ACTIVITY:
Your answer must consist of exactly the lines below, starting with the line with "Balenciaga Tyrex Neon Yellow Sneakers" and going on through the line with "Museo de las", and nothing else.

DATA EXCERPTS:
────────────────

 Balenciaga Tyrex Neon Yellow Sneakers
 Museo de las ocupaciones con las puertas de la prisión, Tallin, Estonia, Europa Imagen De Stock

────────────────

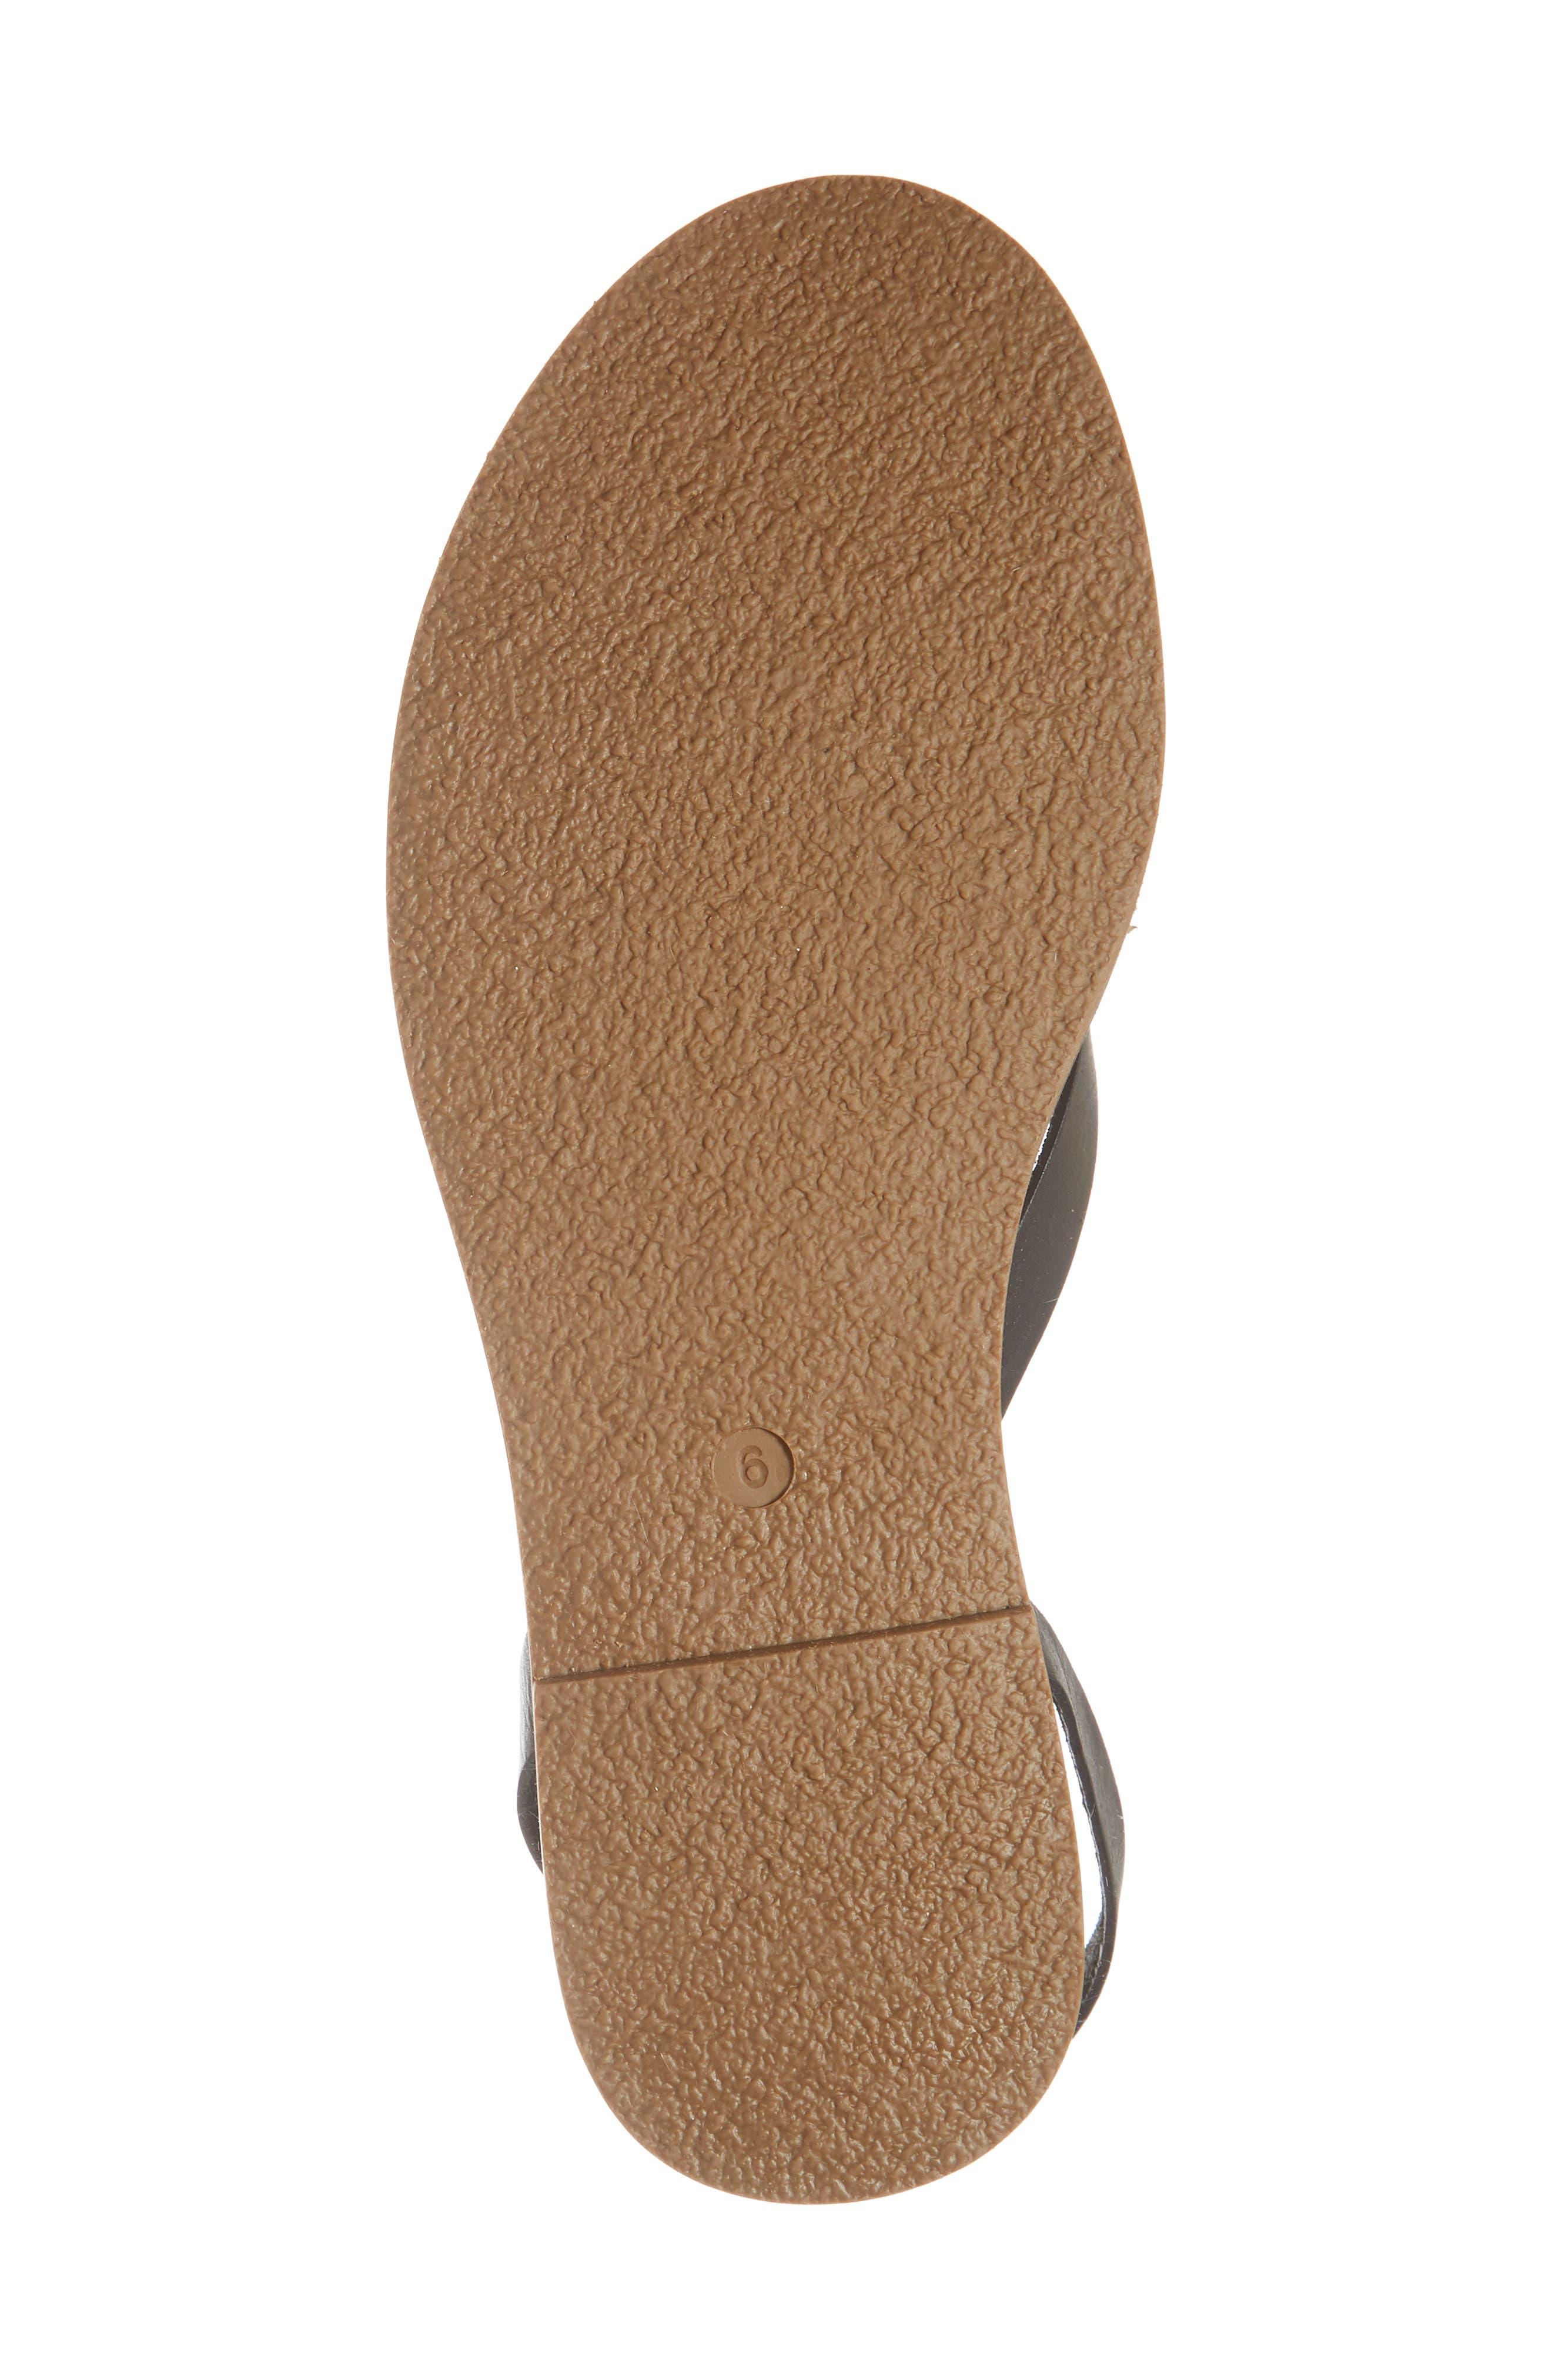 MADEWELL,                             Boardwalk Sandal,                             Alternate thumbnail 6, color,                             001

────────────────

EXERCISE OUTPUT:
 Balenciaga Tyrex Neon Yellow Sneakers
 Museo de las ocupaciones con las puertas de la prisión, Tallin, Estonia, Europa Imagen De Stock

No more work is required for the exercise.